Participates in the reverse transport of cholesterol from tissues to the liver for excretion by promoting cholesterol efflux from tissues and by acting as a cofactor for the lecithin cholesterol acyltransferase (LCAT). As part of the SPAP complex, activates spermatozoa motility.
Major protein of plasma HDL, also found in chylomicrons. Synthesized in the liver and small intestine.
Involvement in disease
Defects in APOA1 are a cause of high density lipoprotein deficiency type 2 (HDLD2) [MIM:604091]; also known as familial hypoalphalipoproteinemia (FHA). Inheritance is autosomal dominant. Defects in APOA1 are a cause of the low HDL levels observed in high density lipoprotein deficiency type 1 (HDLD1) [MIM:205400]; also known as analphalipoproteinemia or Tangier disease (TGD).
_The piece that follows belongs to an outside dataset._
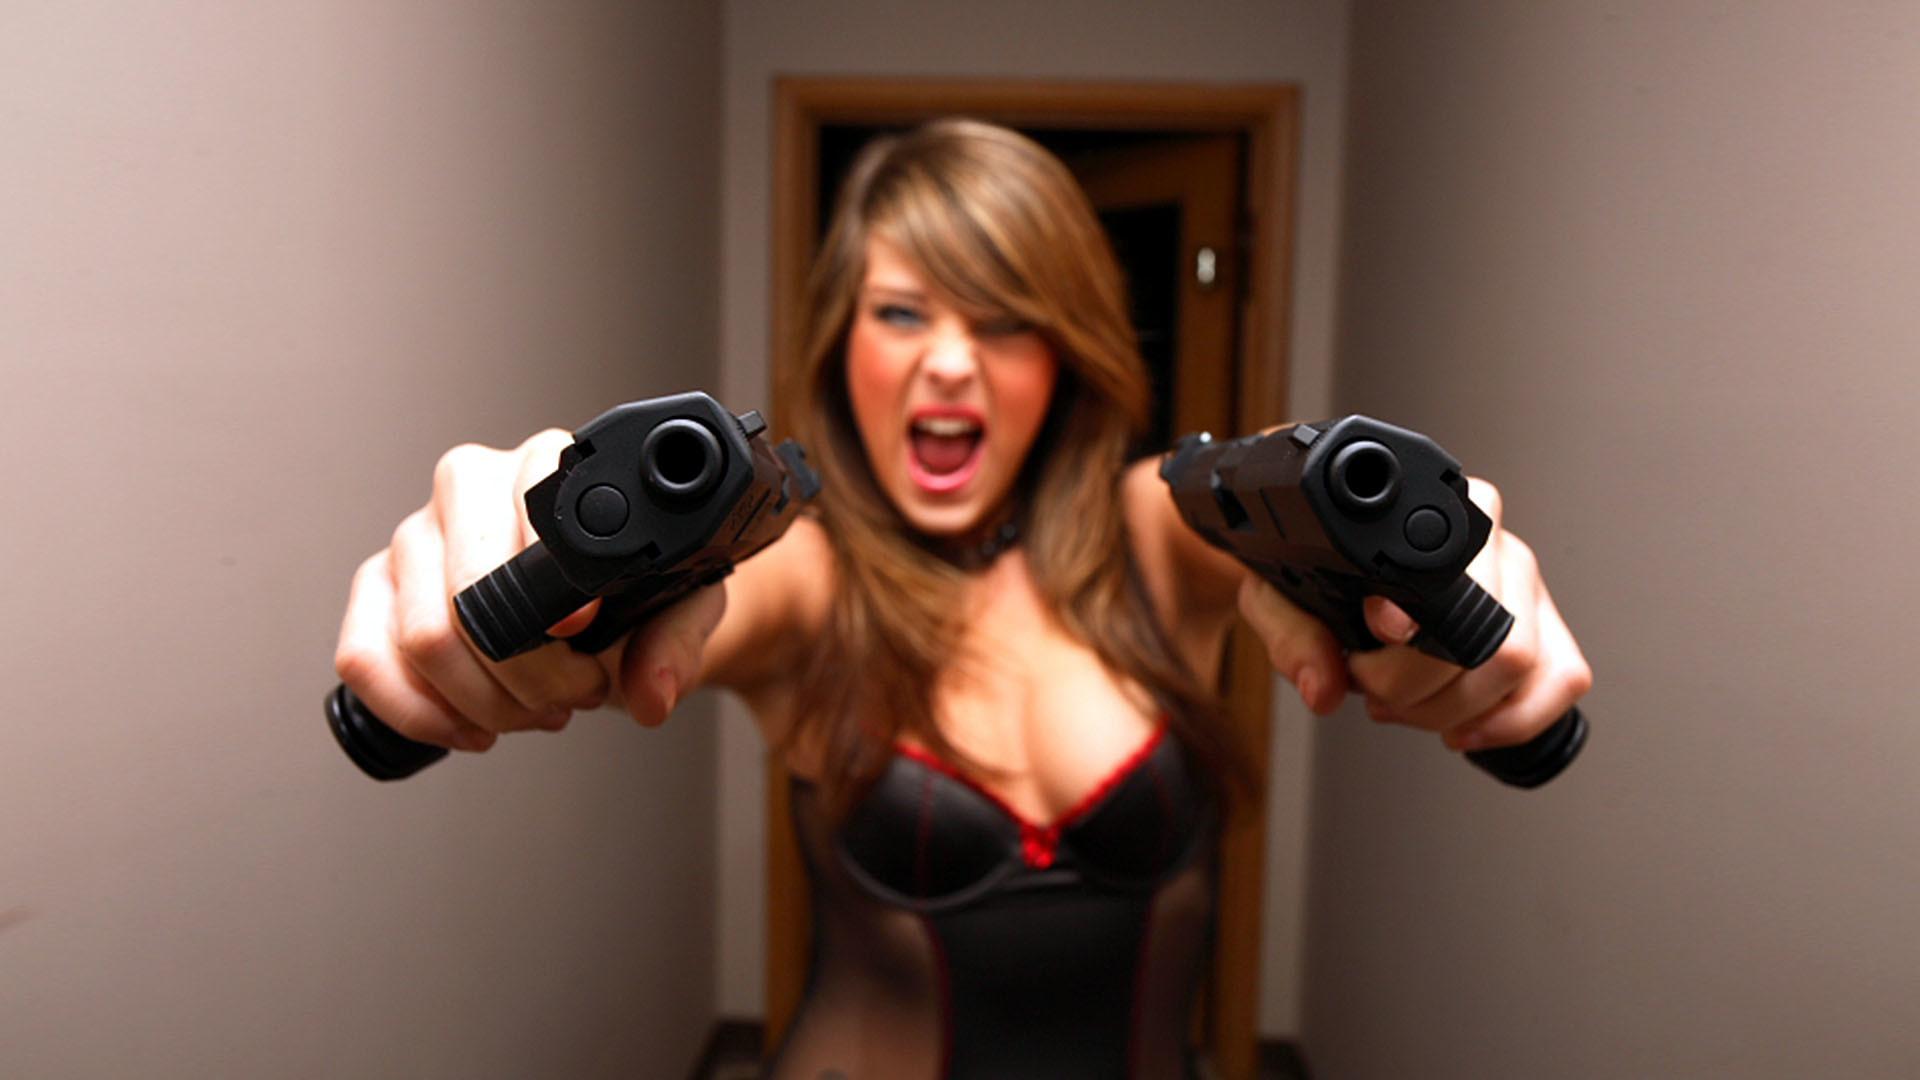 Girl With Gun Desktop Wallpapers THIS Wallpaper Girl Gun Wallpapers  Wallpapers)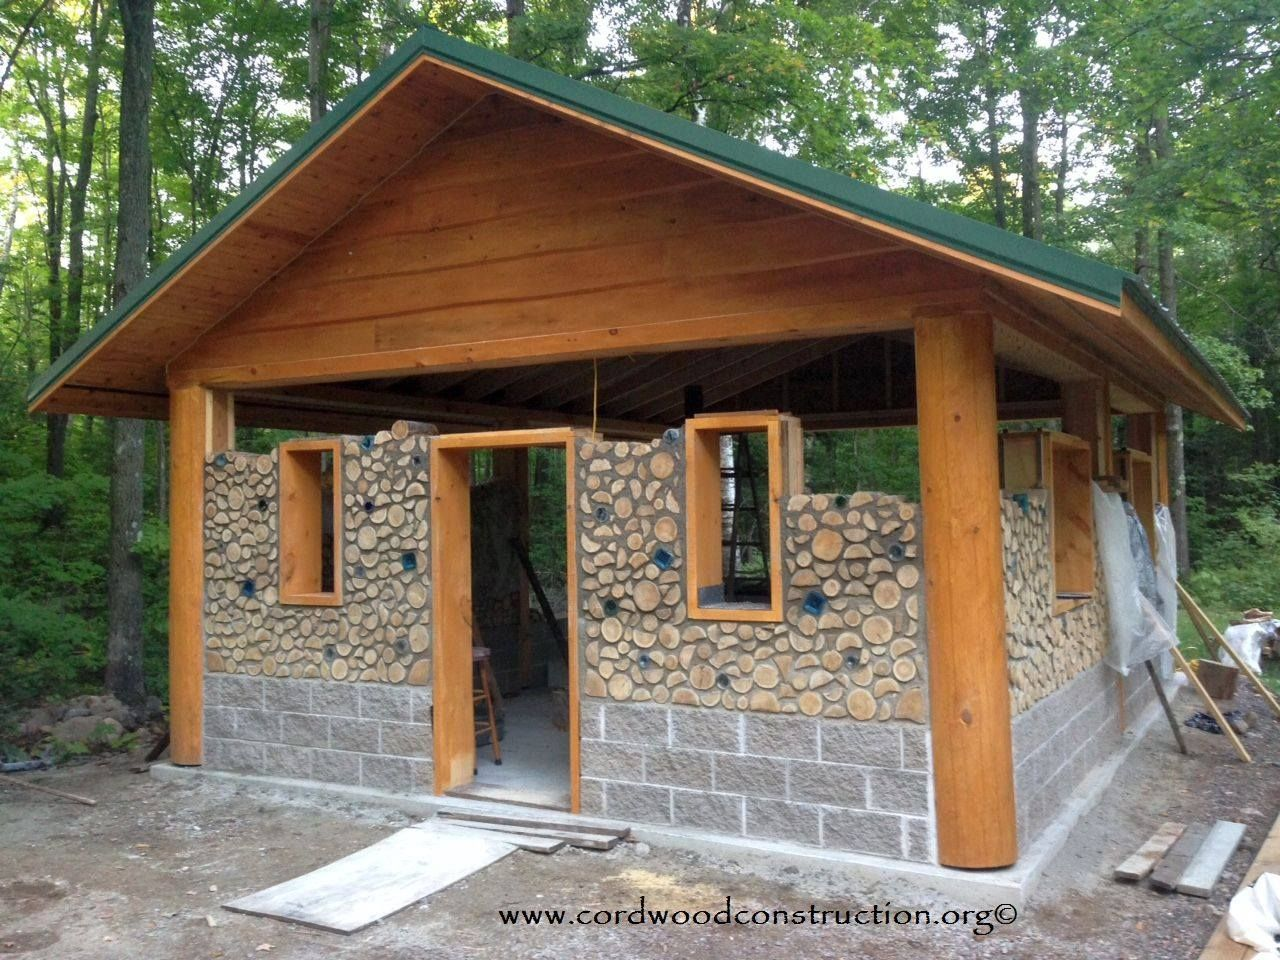 Cordwood Log Homes - Woodshop Projects Misc

HDLD1 is a recessive disorder characterized by the absence of plasma HDL, accumulation of cholesteryl esters, premature coronary artery disease, hepatosplenomegaly, recurrent peripheral neuropathy and progressive muscle wasting and weakness. In HDLD1 patients, ApoA-I fails to associate with HDL probably because of the faulty conversion of pro-ApoA-I molecules into mature chains, either due to a defect in the converting enzyme activity or a specific structural defect in Tangier ApoA-I. Defects in APOA1 are the cause of amyloid polyneuropathy-nephropathy Iowa type (AMYLIOWA) [MIM:107680]; also known as amyloidosis van Allen type or familial amyloid polyneuropathy type III. AMYLIOWA is a hereditary generalized amyloidosis due to deposition of amyloid mainly constituted by apolipoprotein A1. The clinical picture is dominated by neuropathy in the early stages of the disease and nephropathy late in the course. Death is due in most cases to renal amyloidosis. Severe peptic ulcer disease can occurr in some and hearing loss is frequent. Cataracts is present in several, but vitreous opacities are not observed. Defects in APOA1 are a cause of amyloidosis type 8 (AMYL8) [MIM:105200]; also known as systemic non-neuropathic amyloidosis or Ostertag-type amyloidosis. AMYL8 is a hereditary generalized amyloidosis due to deposition of apolipoprotein A1, fibrinogen and lysozyme amyloids. Viscera are particularly affected. There is no involvement of the nervous system. Clinical features include renal amyloidosis resulting in nephrotic syndrome, arterial hypertension, hepatosplenomegaly, cholestasis, petechial skin rash.
Belongs to the apolipoprotein A1/A4/E family.
Palmitoylated. Phosphorylation sites are present in the extracelllular medium.